The other thing that you remembered which, I’m fairly sure, is not true, but is interesting, opens something up, is that my father was into Steiner’s theosophy. It’s funny because I’m sure I would have spoken about my father, his religion, the role it played in my upbringing. But (to my knowledge) my father is not into Steiner’s theosophy. But the thing is, he would be. Alongside his Evangelism he has become increasingly obsessed with nutrition, organic food, in quite an anthroposophic way. But rather than getting too deeply into my father’s idiosyncrasies, I want to kind of open this up as a topic. Fathers. Mothers. Your father is everywhere in your work. Your mother is less present to me. (And as an aside, thinking about the mother in particular in relation to Kim Hyesoon’s work). There is a kind of simple explanation in that your writing is constantly reworking history and your father was a war photographer/photo-journalist and produced all of this documentary material. But I’m just kind of thinking keywords at the moment. Moving families. You have Aunt Brazil. When I was a kid my family didn’t go further than country NSW. I don’t think I ever thought about the idea of going on a plane until I was in my teens or something. I’m just thinking about the different kind of families (as units of particular coagulations of class, race, etc.) as mobile, floating, or immobile and fixed things.

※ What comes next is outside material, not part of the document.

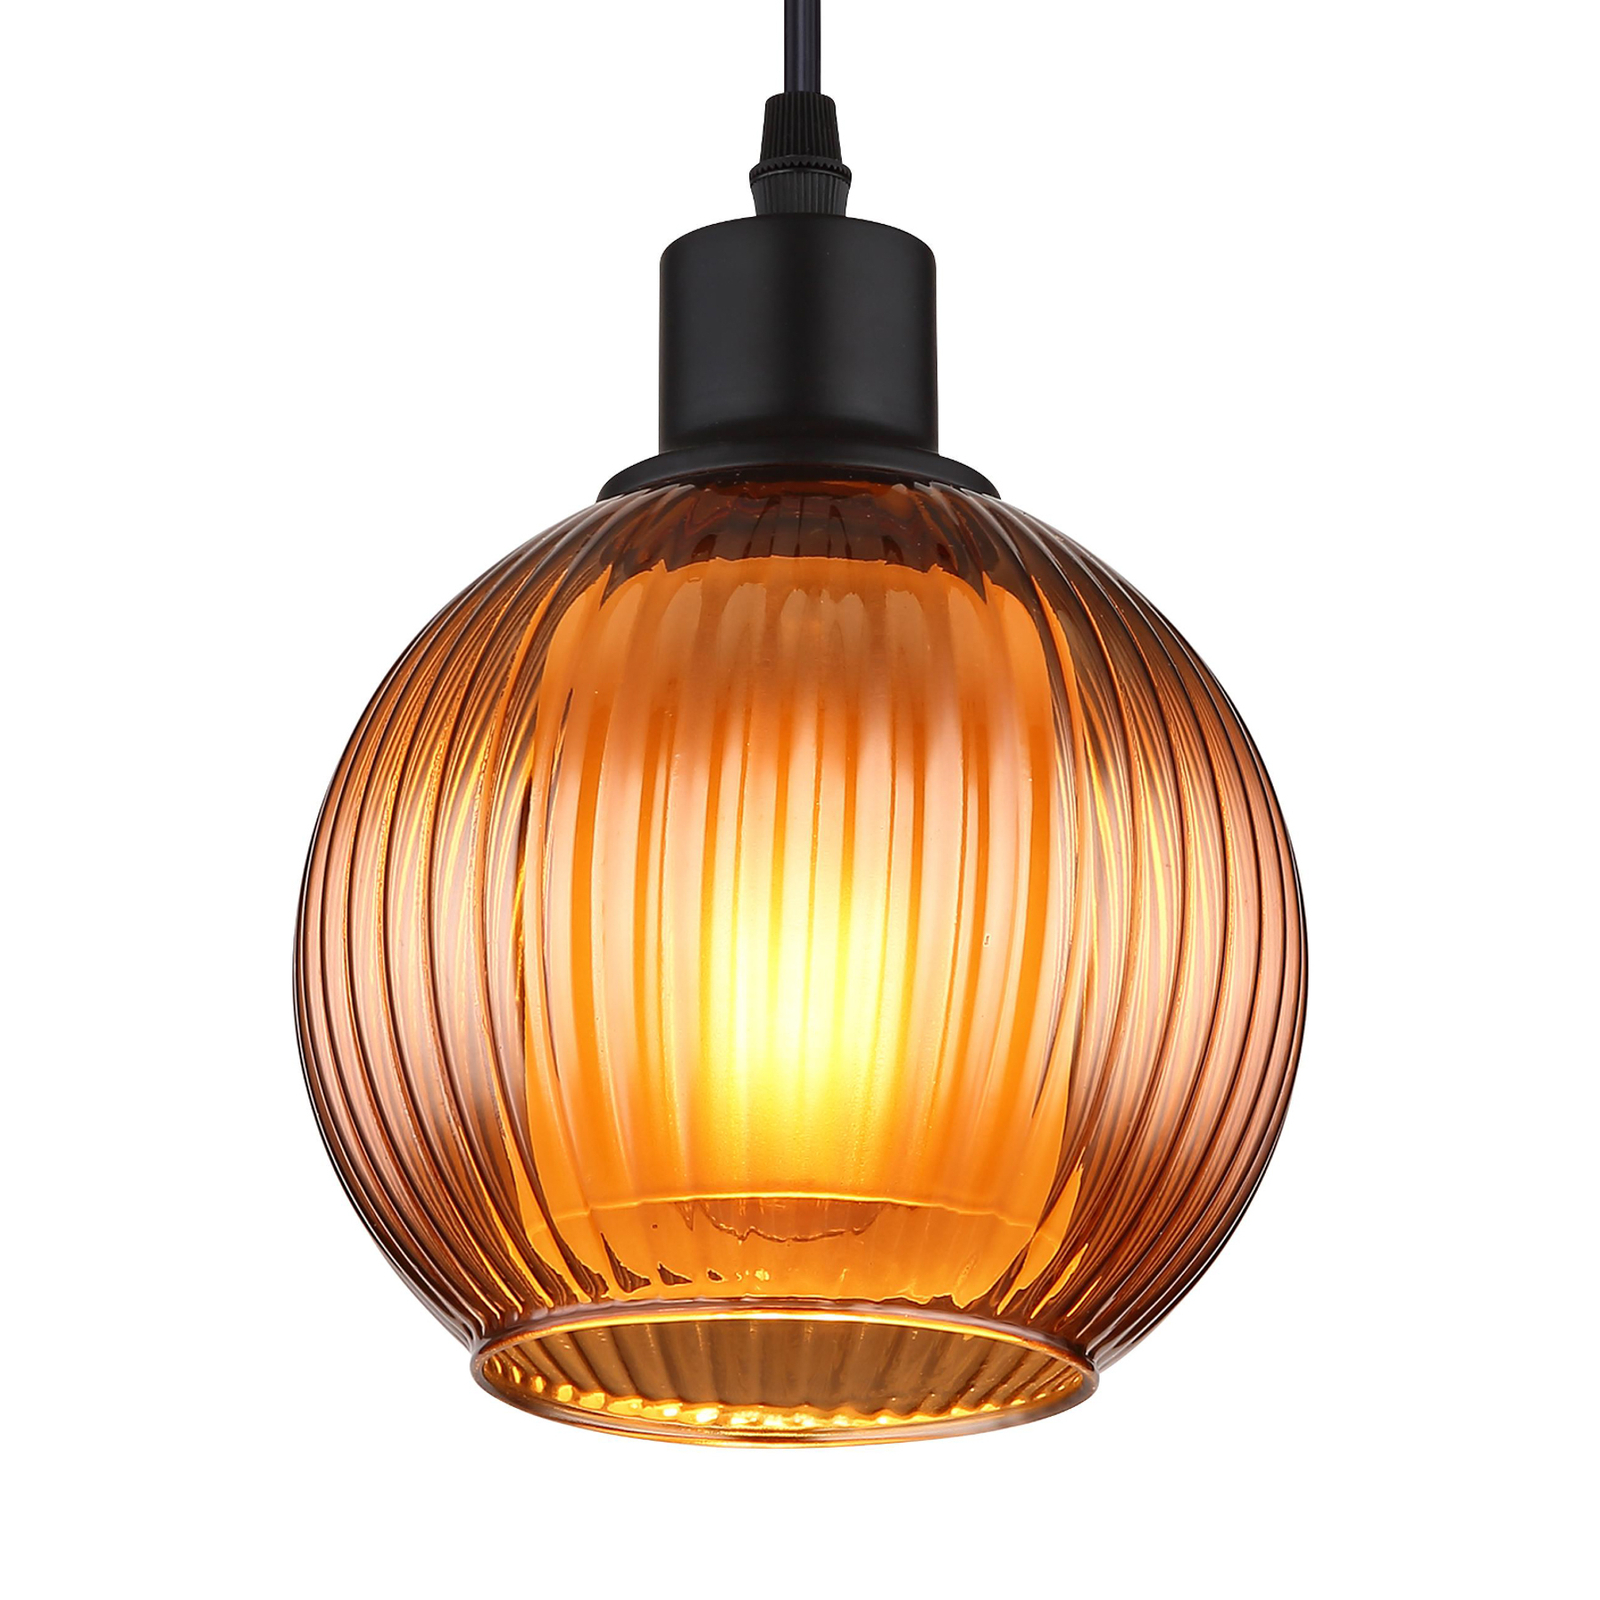 Hanglamp Zumba, bronskleurig, Ø 15 cm, glas

It’s been nine days since you wrote your first section, which was before Russia invaded Ukraine. War refugees are heading west, mostly towards Poland, but thousands of people are arriving in Germany all the time. Everything has shifted. Nothing has settled yet.

  1. This is Marty Hiatt’s rendering of Cracheur de soupe (literally “soup spitter”) in his translation of Nathalie Quintane’s Tomates, which just recently came out. I should get you a copy, Marty has a bunch. Quintane uses the term to talk about the quid pro quo of institutionality. For example, being invited to a poetry festival, for which one receives a fee, free travel, etc., but in turn you have to grant it unwavering support, unless you want to be seen as a hand biter, which will see you blocked from future invitations.